SAM availability: July-September 2007

SAM Test Results - 3rd analysis to the end of September 2007

The plots below map the SAM availability results for each GridPP site vs the average across all the sites. The SAM summary data is available from: http://hepwww.ph.qmul.ac.uk/~lloyd/gridpp/sam.html. The figure for each day is based on the hourly tests that run that day from midnight to midnight.

The title of each graph has the following format: Site name (% site availability for last month: % average GridPP site availability for last month: amount site is above or below average) The title font colour depends on whether the site monthly average is above (green) or below (red) the target for July (85%). The target for September was 90%.

The number following the main title indicates the KSI2K hrs of CPU time recorded in APEL for the site in the period 1st September to 30th September. The number is in a red font if there appears to be a problem with the site APEL publishing during the period.

London Tier2

UKI-LT2-Brunel

Site has generally good availability apart from three major periods of down-time explained below and a period of unreliability 9-19th September:

July 17th to 19th -- DPM upgrade.
Aug 12th -- dpm.ftpd out of memory error affected both our SE and the nfs software area exported from one of the disk pools
Sept 9th - dpm pool node hang
Sept 18th-19th - power cut and associated fall out
Sept 21th-24th - scheduled downtime for electrical maintenance
Oct 13-14 - DPM pool node hang

File:071012-1.JPG

UKI-LT2-IC-HEP

We had several downtimes in June due to SRM upgrade and ICT site problems.

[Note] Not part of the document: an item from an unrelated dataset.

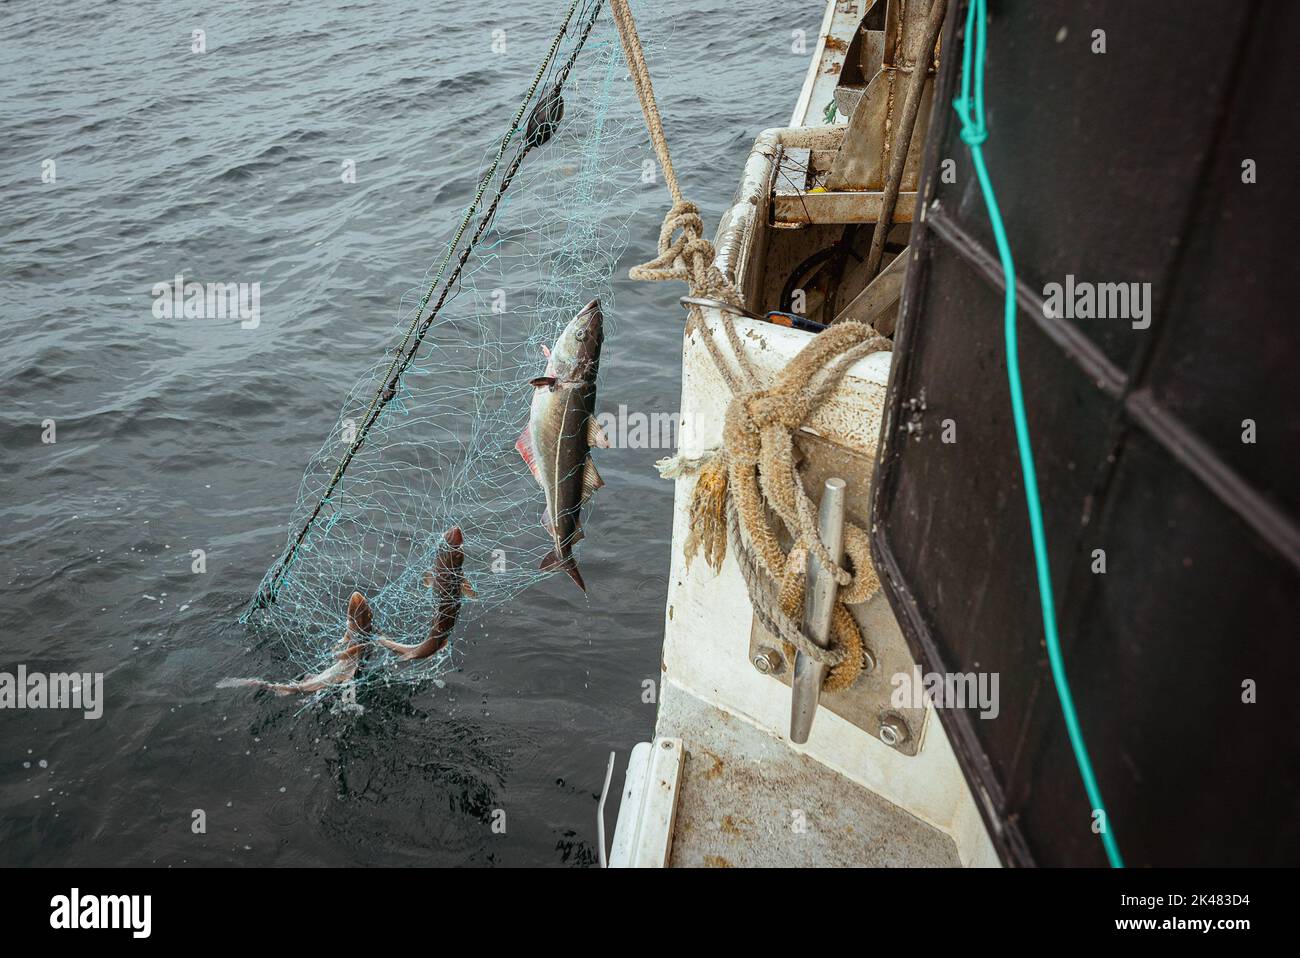 https://c8.alamy.com/comp/2K483D4/portland-maine-usa-27th-sep-2022-three-pollock-fish-caught-in-a-gillnet-fishing-net-being-hoisted-on-board-a-commercial-fishing-boat-off-the-coast-of-maine-a-board-a-gillnet-fishing-boat-crew-haul-their-catch-of-monkfish-pollock-and-cod-from-the-early-hours-of-the-morning-until-late-at-night-the-fishing-industry-in-maine-has-recently-taken-a-blow-with-a-new-set-of-restrictions-on-fishing-and-the-environmental-organization-seafood-watch-recommending-for-people-to-avoid-eating-american-lobster-this-listing-and-regulation-pose-fresh-threats-to-fishers-livelihoods-while-f-2K483D4.jpg

June 11th to 12th -- SRM-dCache upgraded to solve ongoing CMS problem.
June 12th to 13th -- ICT site upgraded images on the cluster and were missing libraries. The site was failing SAM replica tests.
June 13th to 15th -- Problem with ICT site firewall.
June 18th -- Last dCache upgrade had memory issues therefore a new upgrade was scheduled.
Sept 1st-3rd -- Problem with dCache services.

File:071012-2.JPG

UKI-LT2-IC-LESC

The site default SE is same as IC-HEP.

June 11th to 12th -- Site SRM-dCache upgraded.
June 18th -- Last dCache upgrade had memory issues therefore a new upgrade was scheduled.
June 25th -- SFT tests failure due to job proxy expired.
July 3rd -- Brief disruption on the cluster (SGE) queuing system.
Sept 1st-3rd -- Problem with dCache services.

File:071012-3.JPG

UKI-LT2-QMUL

QMUL got the following situation:

June 05 -- our CE was hanging, and one of our storage nodes got a degraded disk,
June 22 -- our SE got a problem about eth1
June 27 -- I did not have enough time to manage everything
July 15 -- qmul was not available on bdii at ral using lcg-info command, although I could see our data using jxplorer. Matt Hodges cleared out all the cached data and that resolved the problem.
at the beginning of Sept (the first to weeks): I went on holiday
the week after: I needed some time to understand what the problem was

File:071012-4.JPG

UKI-LT2-RHUL

All the problems not correlated with dips in the average are understood:

15 June - problem unknown. SFT-job failures.
On 6 July there were problems connecting to the site due to a DNS problem. The RHUL DNS is operated by our computer centre and therefore out of our control. It was quickly reported and fixed (~3 hours) but then took up to a day for some caches around the world to be updated, notably at CERN.
Site went down due to air conditioning failure around midnight 7 July (Sat/Sun), which was fixed late afternoon on Sun 8th July. The opportunity was then taken to perform general maintenance (o/s and kernel upgrades, fsck the DPM pool & VO s/w file systems, check a possible disk fault, make more space in /var for logs and make more swap space on some front-end nodes). These were completed by Wed 11 July. This extra time for maintenance was booked in as down time in the GOCDB once the site was already offline for the aircon failure.
16 July CE-sft-lcg-rm failures due to a badly setup pool node (was running wrong kernel by mistake and crashed in certain circumstances - several times that day until fixed.)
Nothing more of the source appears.